TASK GOAL: Without any pictures, print the lines below from the one that has "Longhaul 955 - High Solid Drying Agent" through the one that has "St Andrews, Looking", exactly and nothing else.

LISTED ENTRIES:
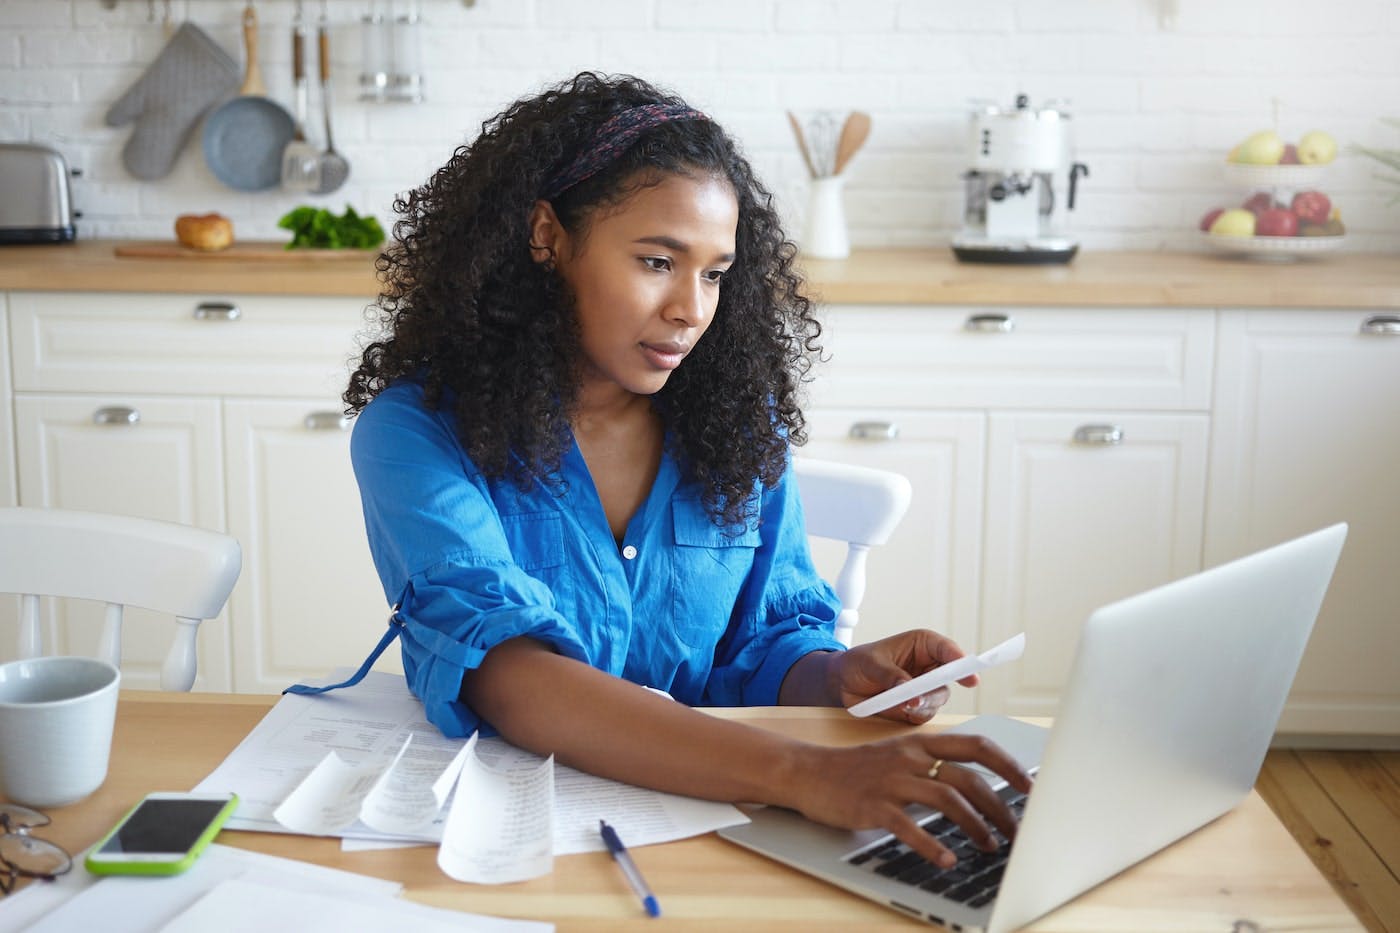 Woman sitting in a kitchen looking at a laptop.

--

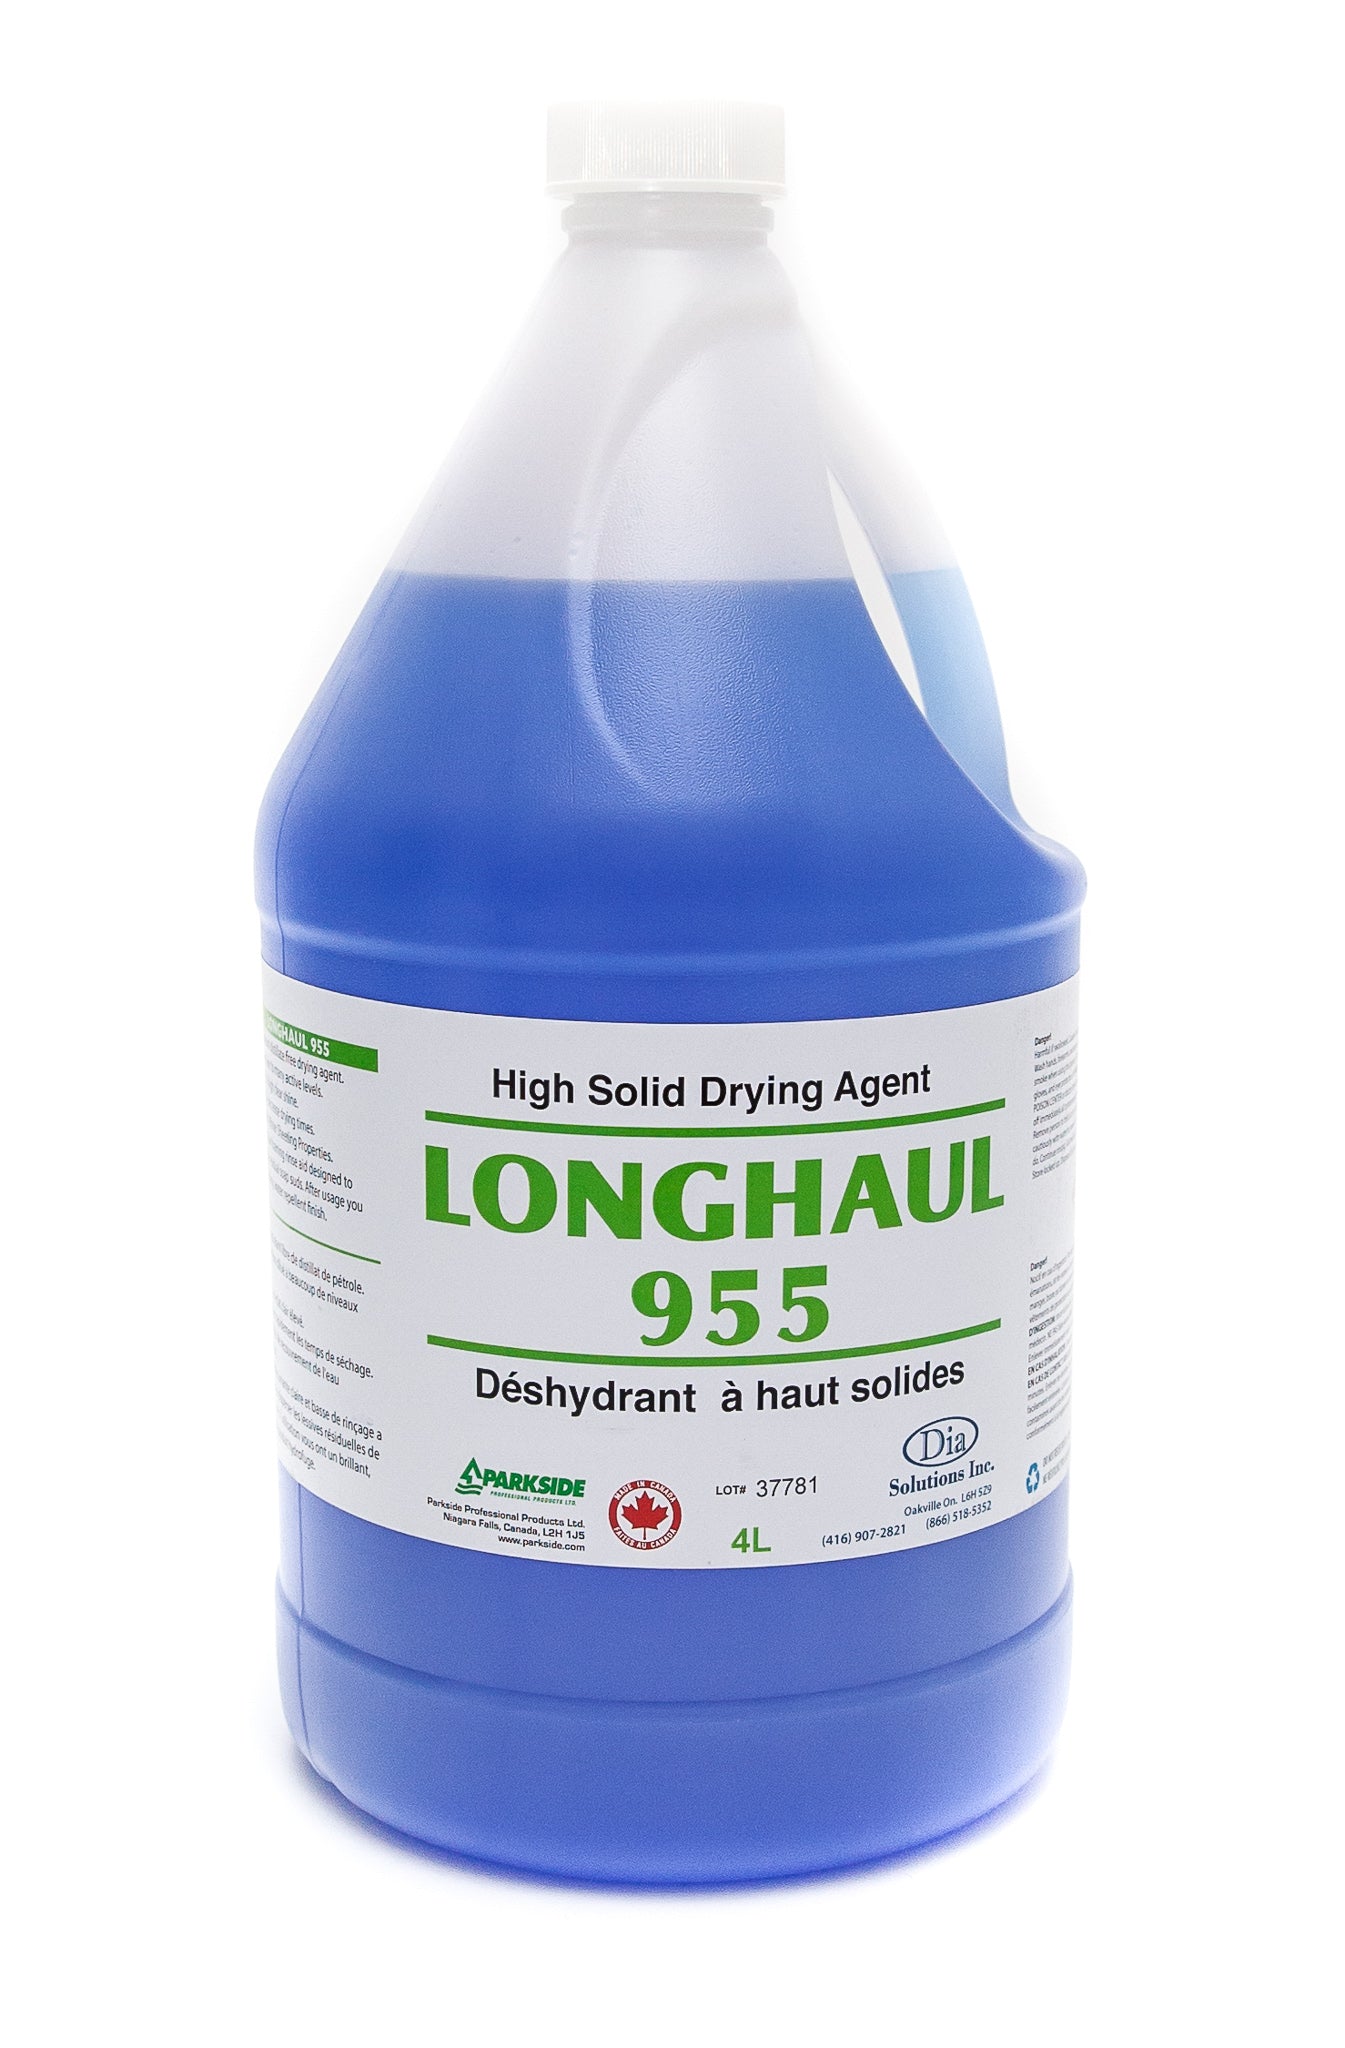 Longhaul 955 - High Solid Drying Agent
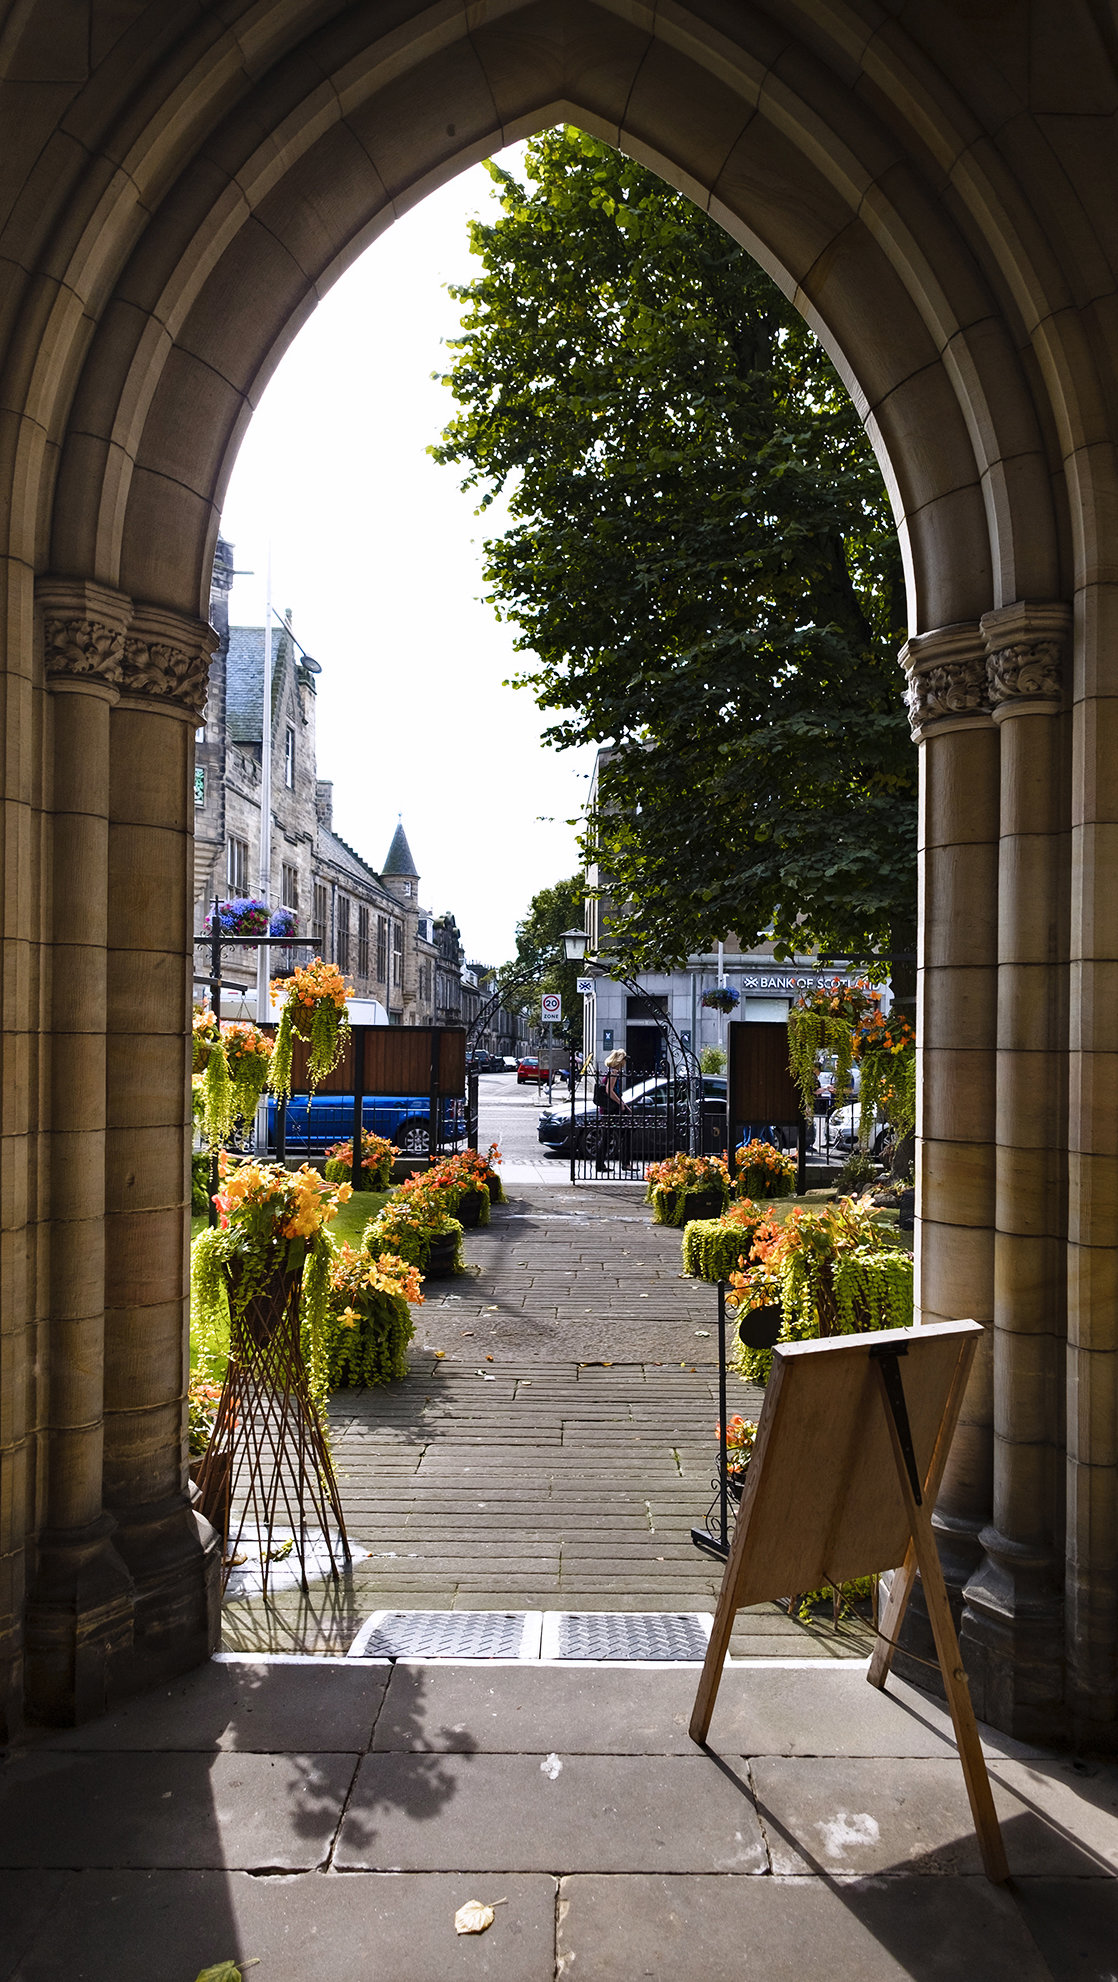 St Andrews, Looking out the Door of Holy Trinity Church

* * *

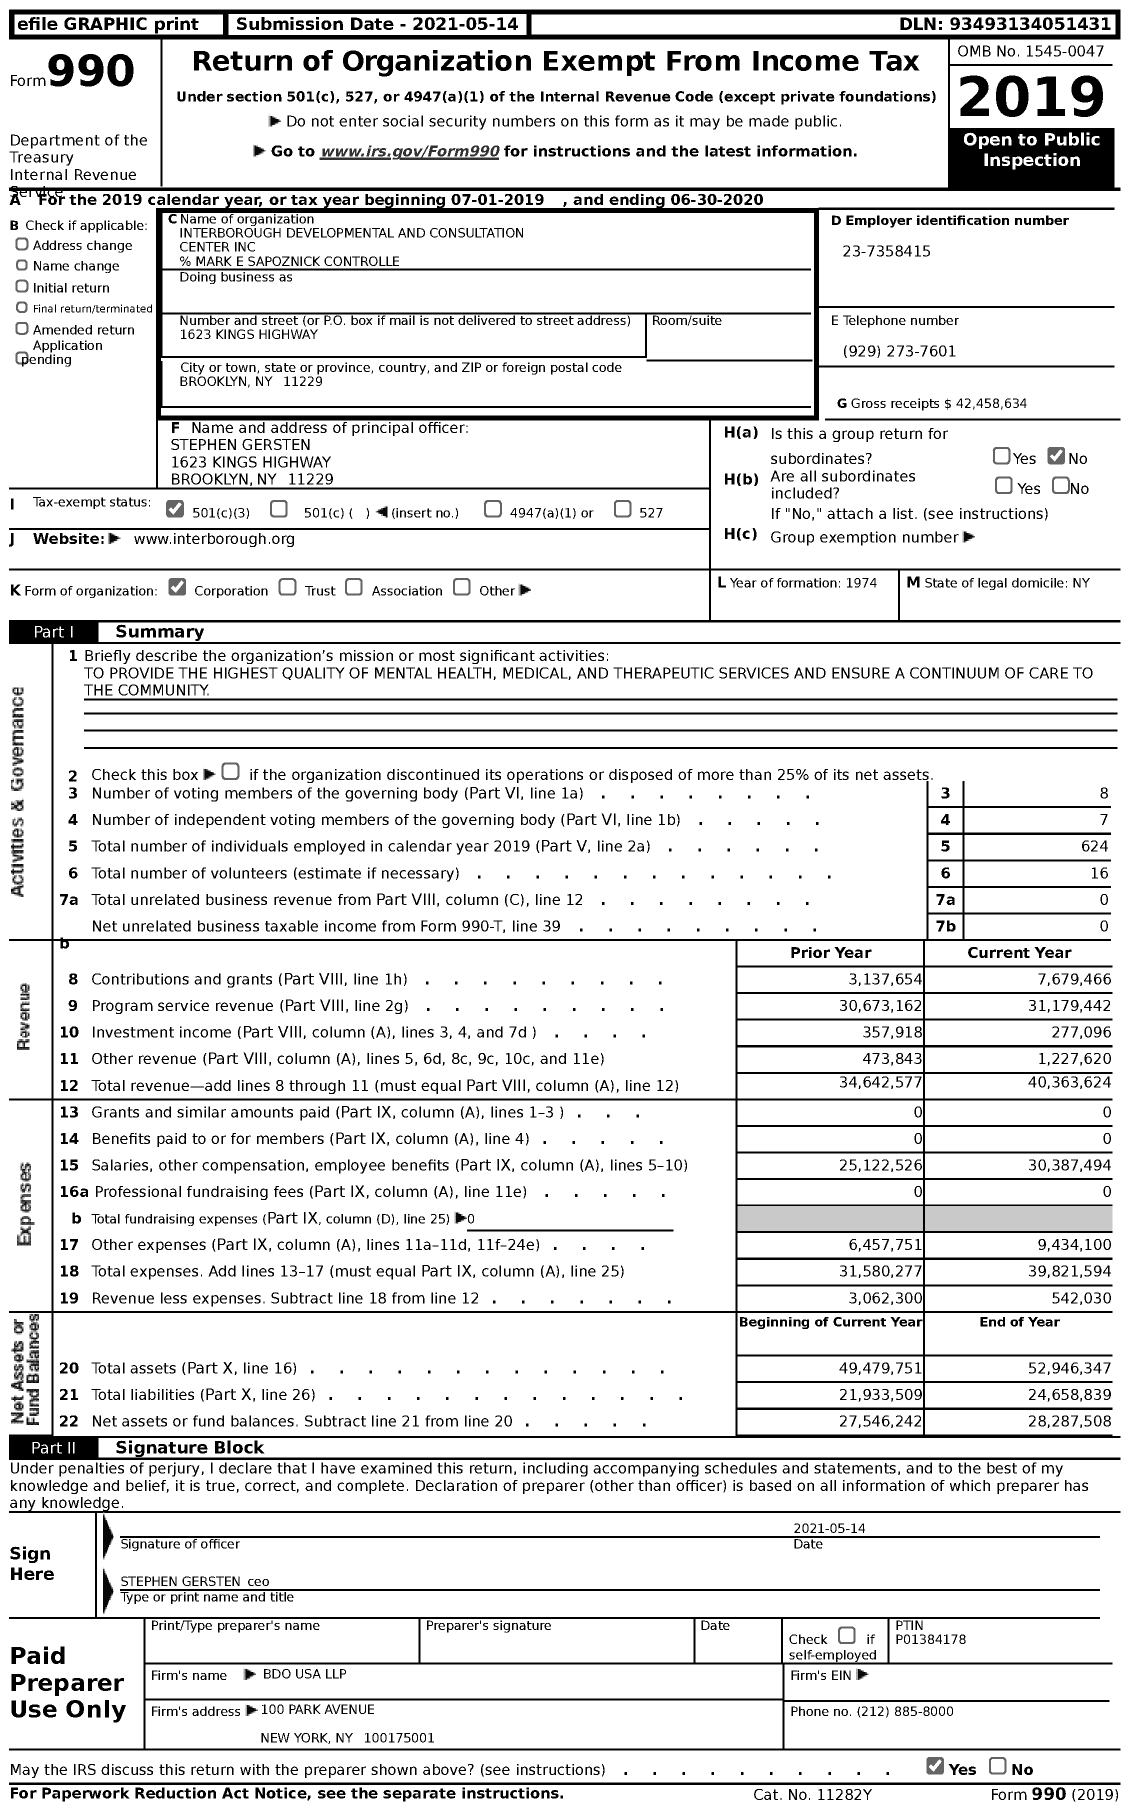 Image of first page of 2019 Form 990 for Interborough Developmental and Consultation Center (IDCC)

ANSWER SECTION:
 Longhaul 955 - High Solid Drying Agent
 St Andrews, Looking out the Door of Holy Trinity Church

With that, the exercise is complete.